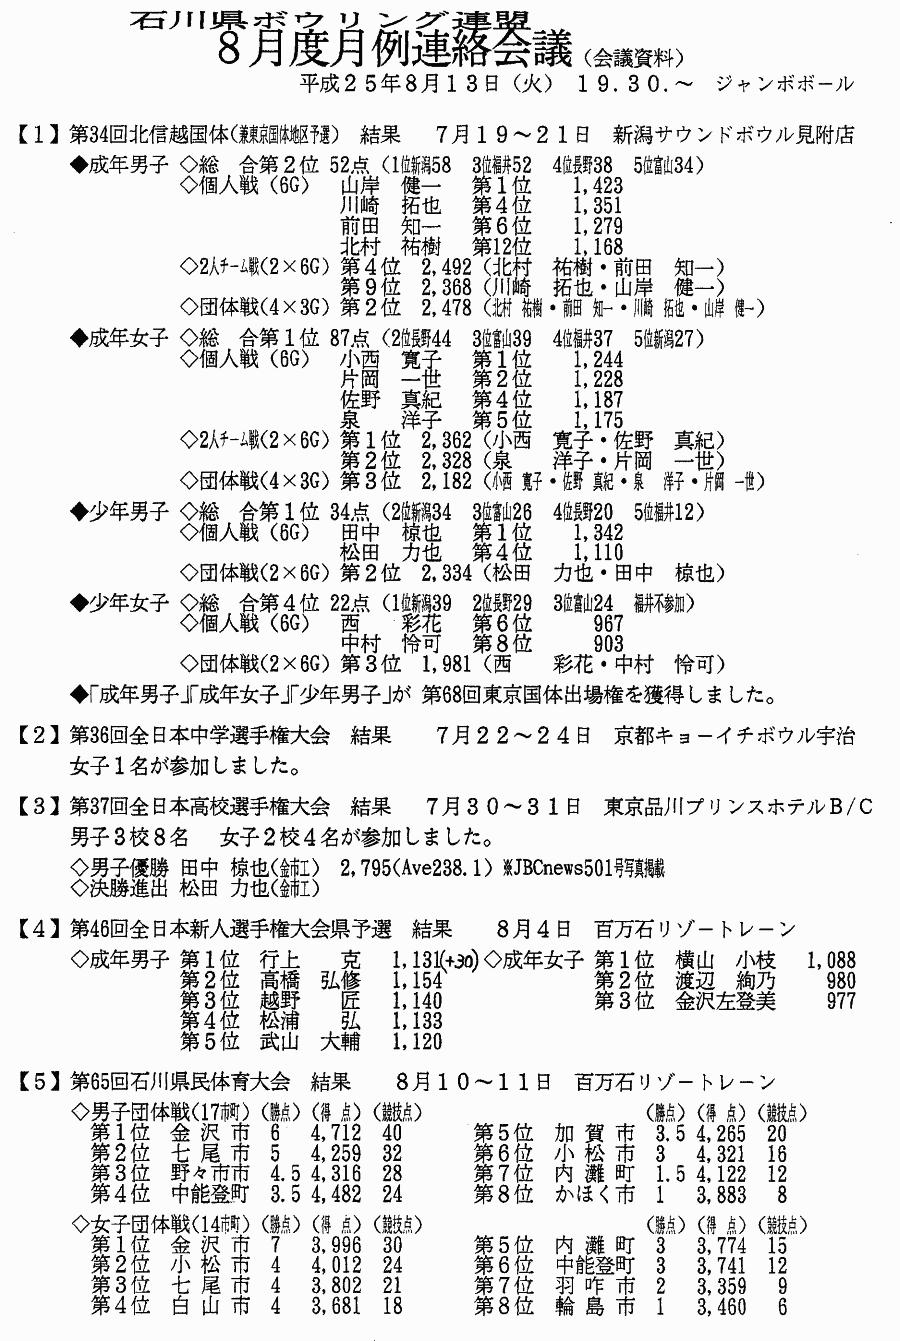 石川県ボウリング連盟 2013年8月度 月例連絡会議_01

...

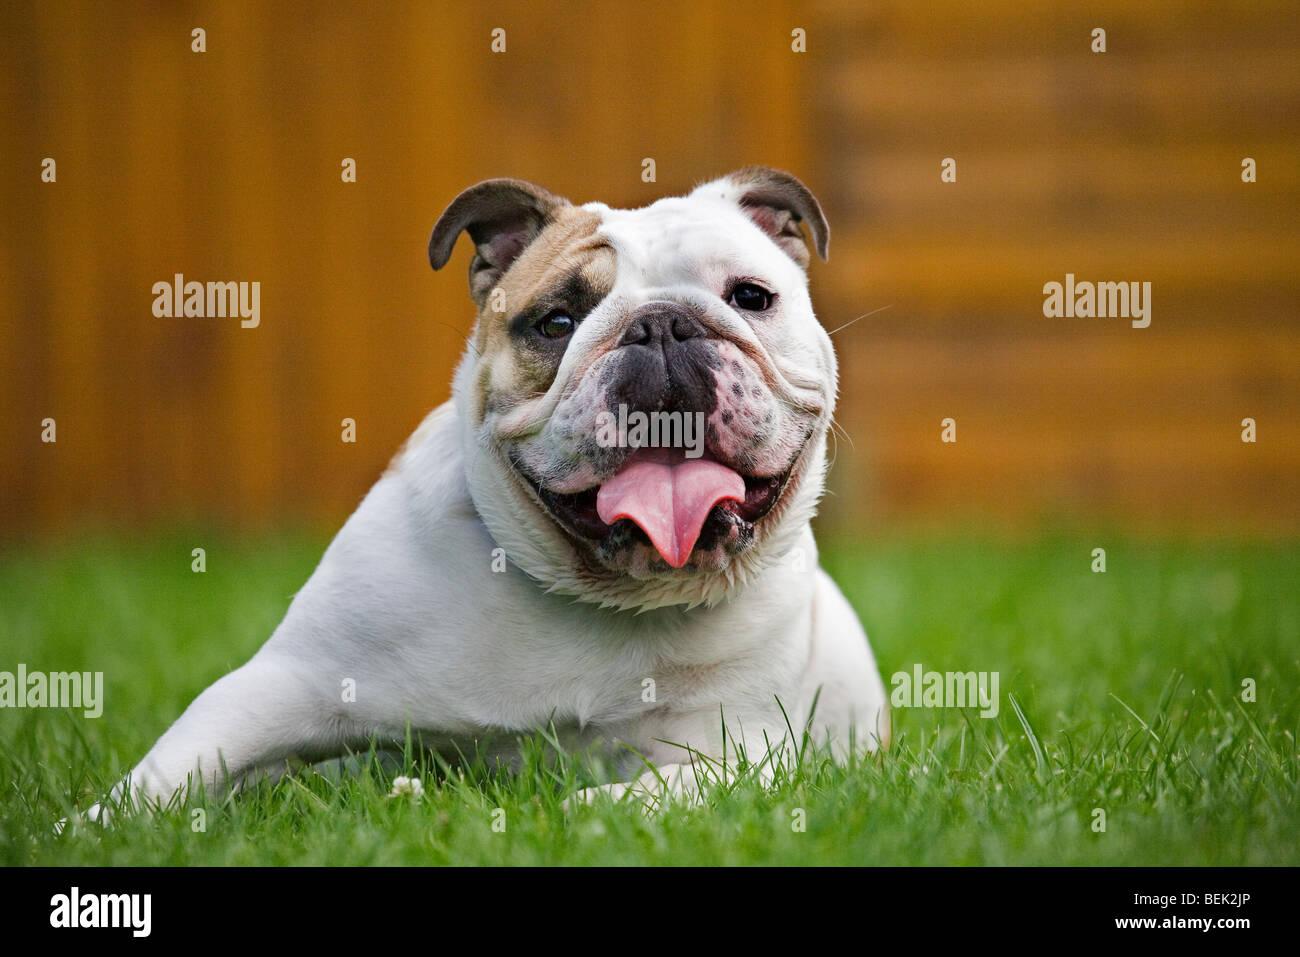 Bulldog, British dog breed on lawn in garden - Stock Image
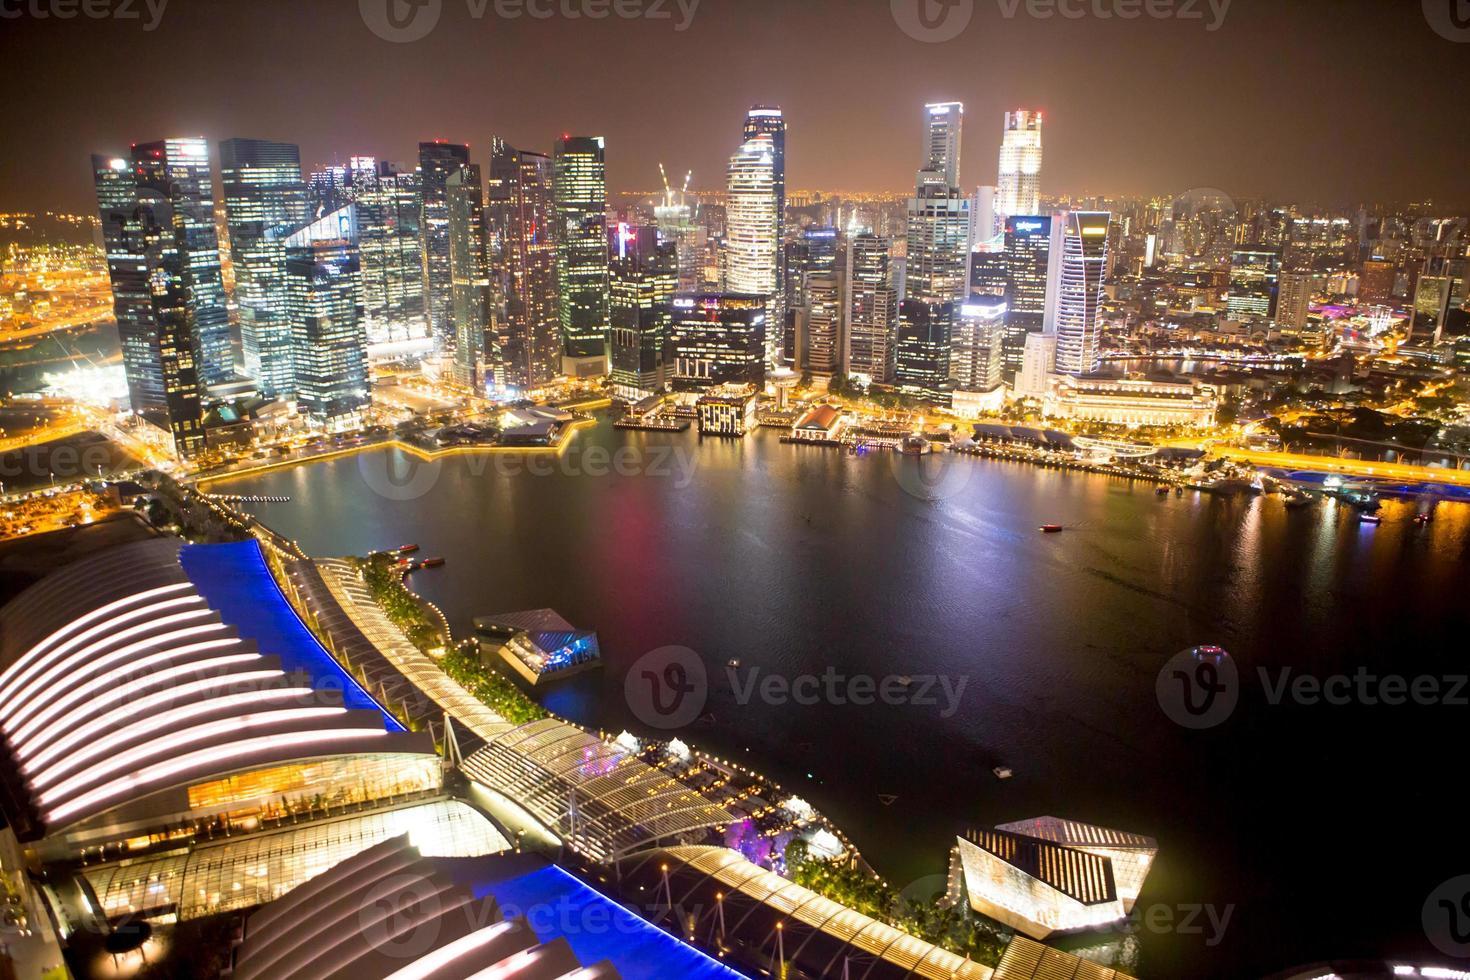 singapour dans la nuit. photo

### Problem
What should come back is an exact copy of the lines above from the line with "Bulldog, British dog" to the line with "singapour dans la nuit. photo", both included, minus the pictures.

### Exercise output
 Bulldog, British dog breed on lawn in garden - Stock Image
 singapour dans la nuit. photo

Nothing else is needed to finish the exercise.